What to produce:
What you submit must be an exact copy of the listing below, with no images in it.

Data:
■ ■ ■ ■ ■ ■ ■
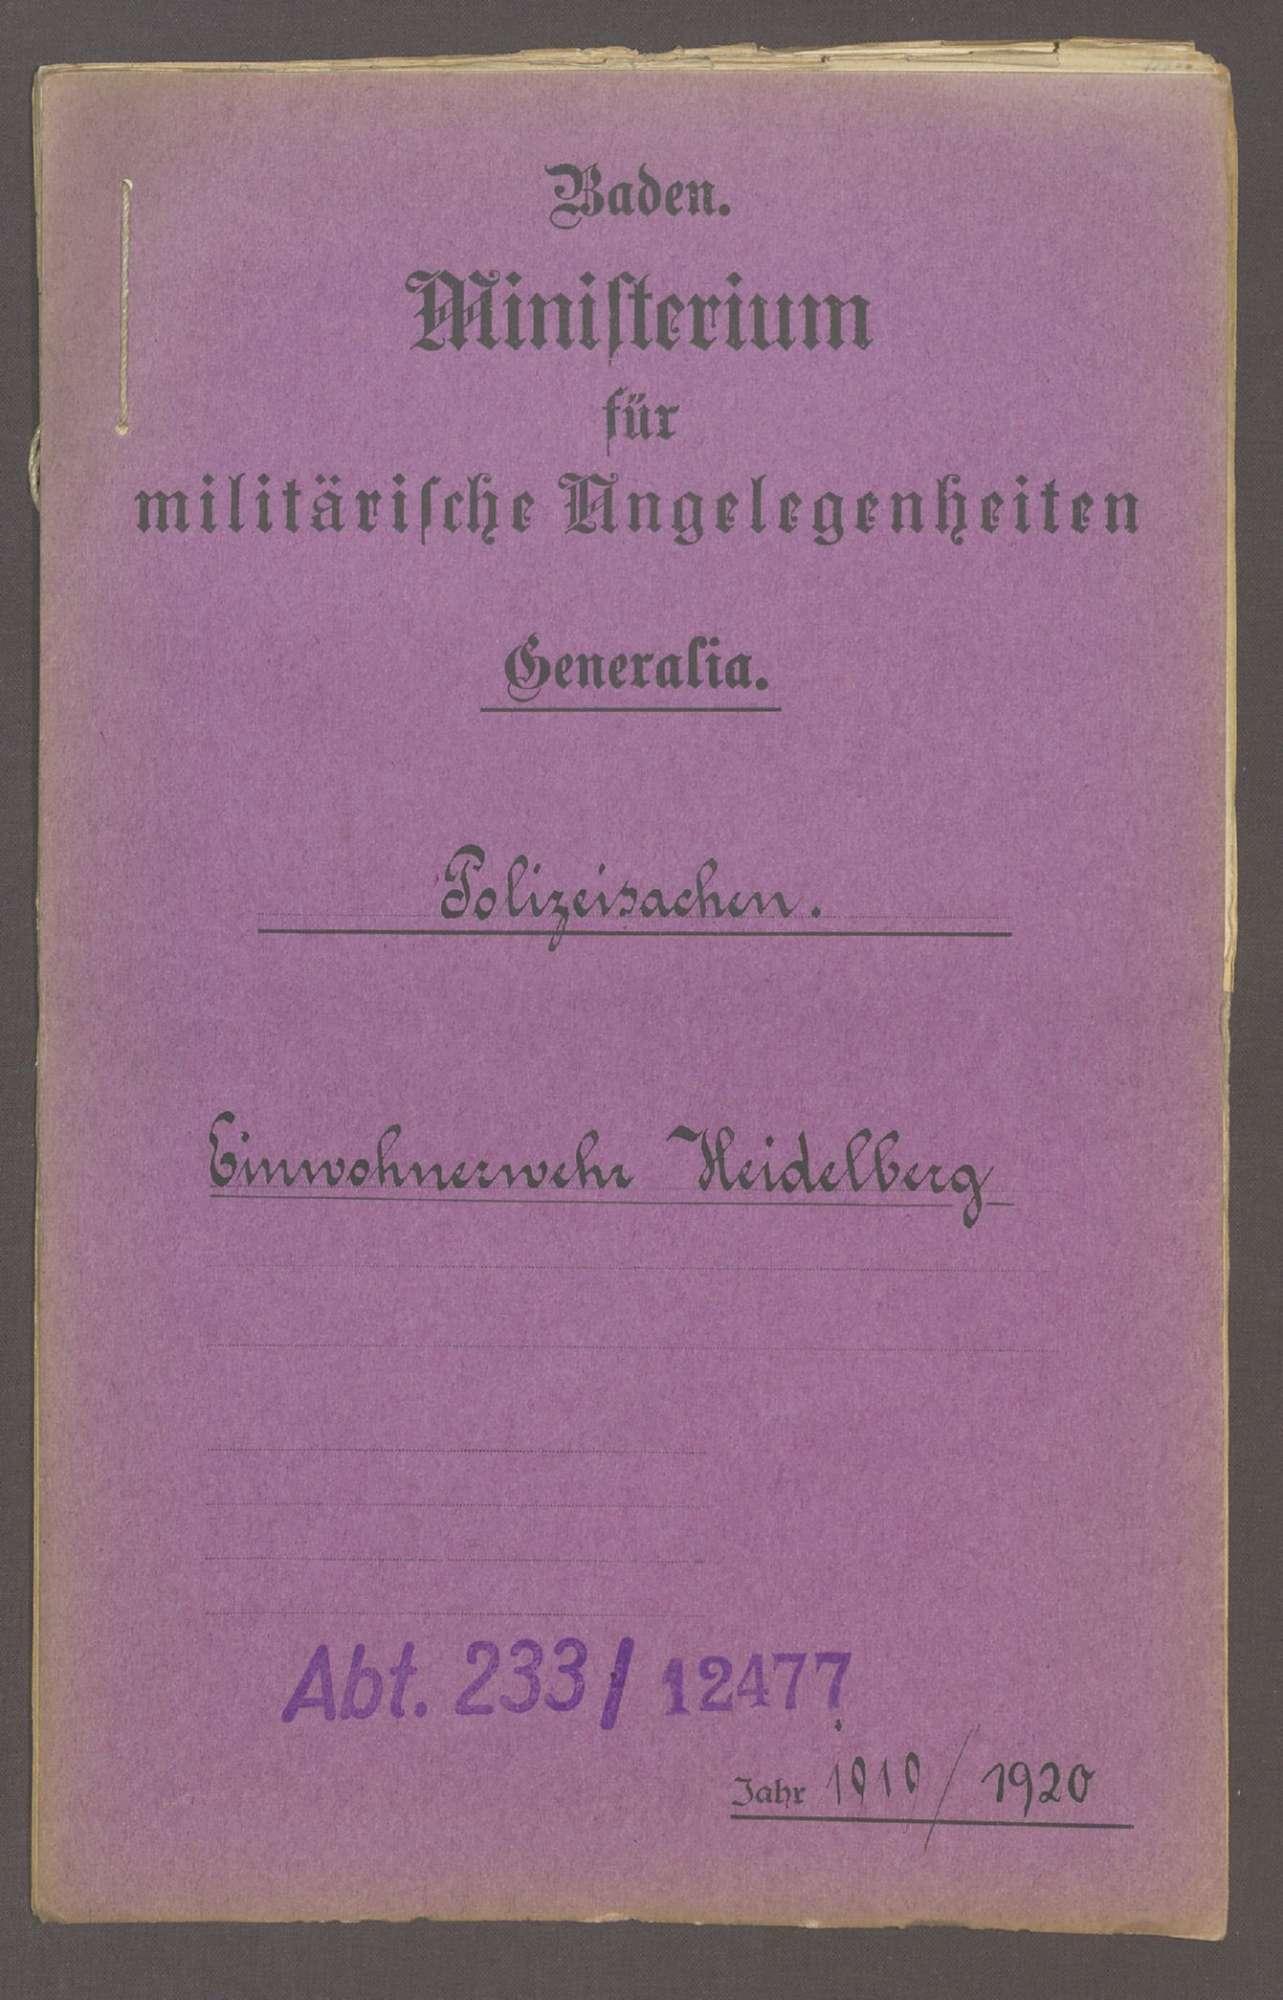 Die Einwohnerwehr in Heidelberg, Bild 1
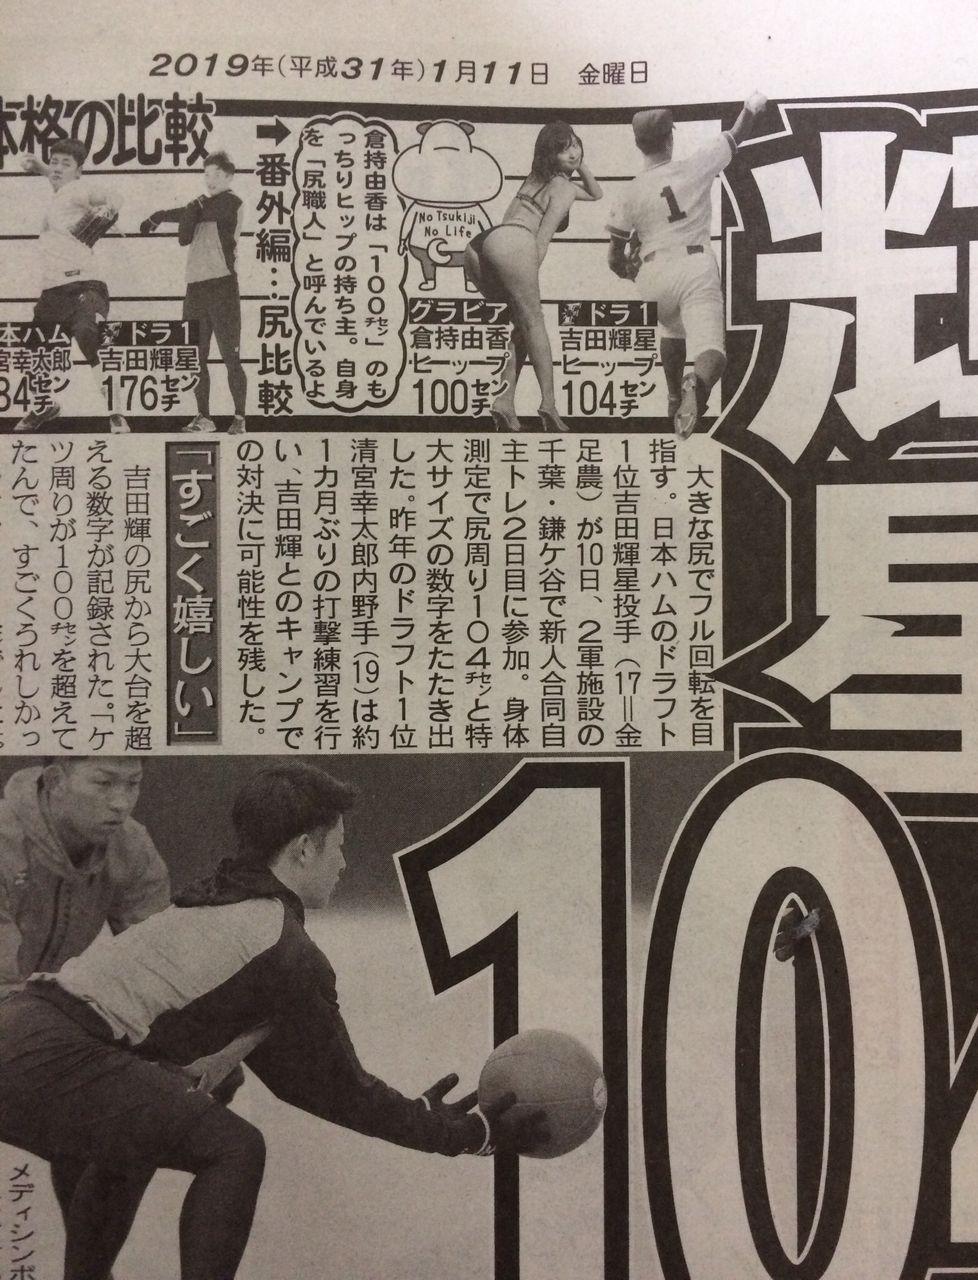 【悲報】デカ尻が売りのグラビアアイドルさん、吉田輝星に尻のデカさで負ける
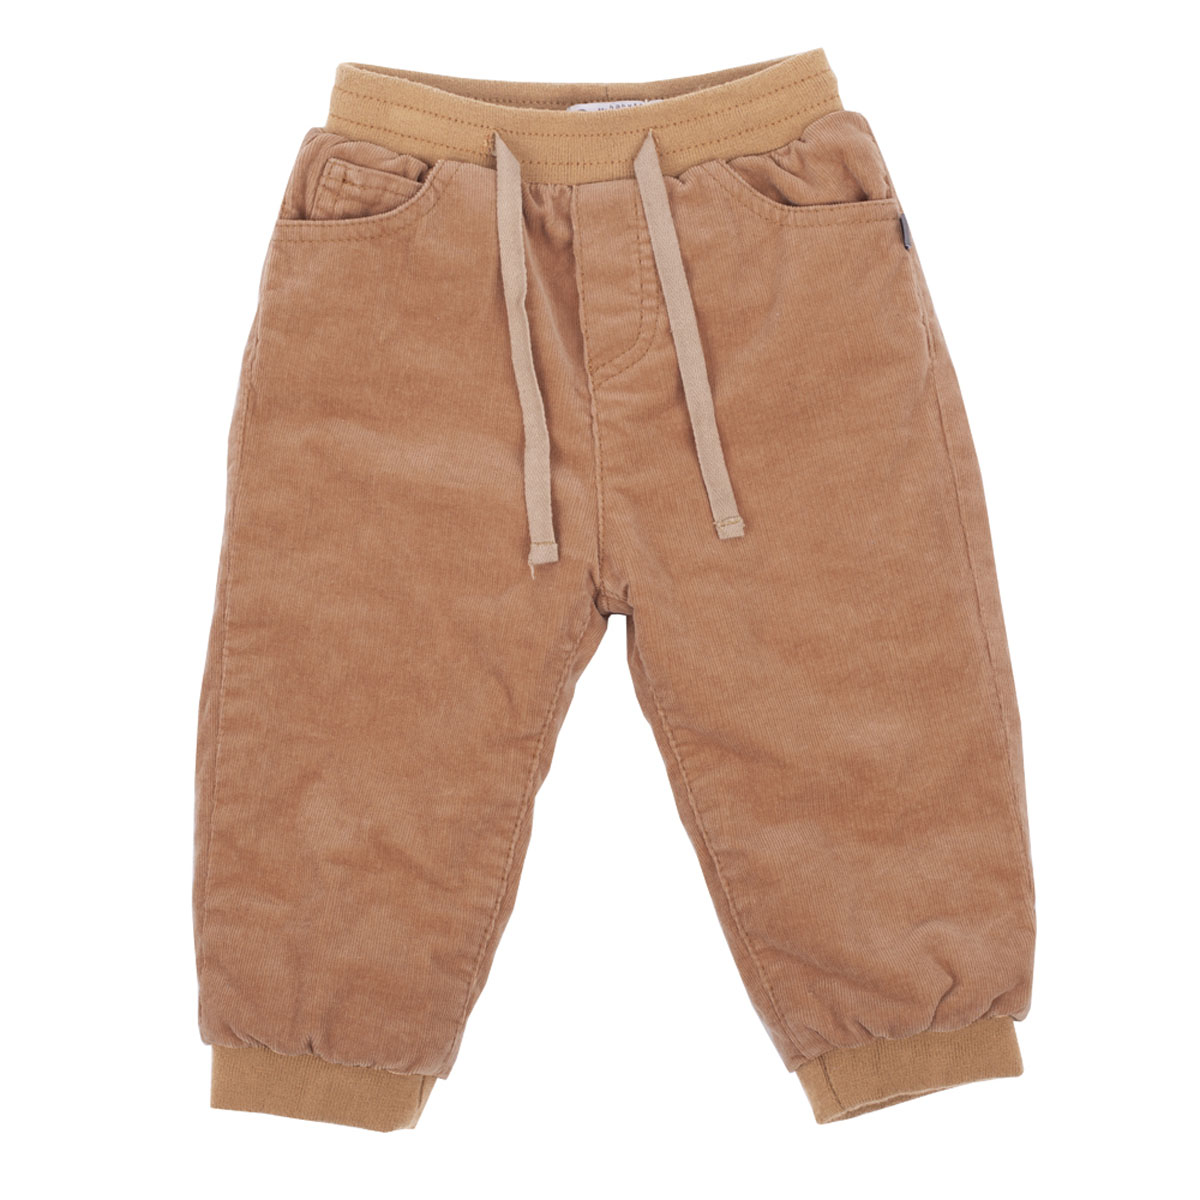 Брюки для мальчика Gulliver Baby, цвет: песочный. 216GBBC6401. Размер 74/80216GBBC6401Утепленные брюки для малышей! Что может важнее для длительных осенних прогулок на свежем воздухе! Их основная функция - сохранение тепла и, вне всяких сомнений, эти брюки с ней справятся на все 100! Удачная конструкция, выверенные пропорции не создают ненужного объема, мешающего свободе движений. Эти модные брюки из вельвета на трикотажной подкладке обеспечивают уют и комфорт.
■ ■ ■ ■ ■ ■ ■
Response below:
 Die Einwohnerwehr in Heidelberg, Bild 1
 【悲報】デカ尻が売りのグラビアアイドルさん、吉田輝星に尻のデカさで負ける
 Брюки для мальчика Gulliver Baby, цвет: песочный. 216GBBC6401. Размер 74/80216GBBC6401Утепленные брюки для малышей! Что может важнее для длительных осенних прогулок на свежем воздухе! Их основная функция - сохранение тепла и, вне всяких сомнений, эти брюки с ней справятся на все 100! Удачная конструкция, выверенные пропорции не создают ненужного объема, мешающего свободе движений. Эти модные брюки из вельвета на трикотажной подкладке обеспечивают уют и комфорт.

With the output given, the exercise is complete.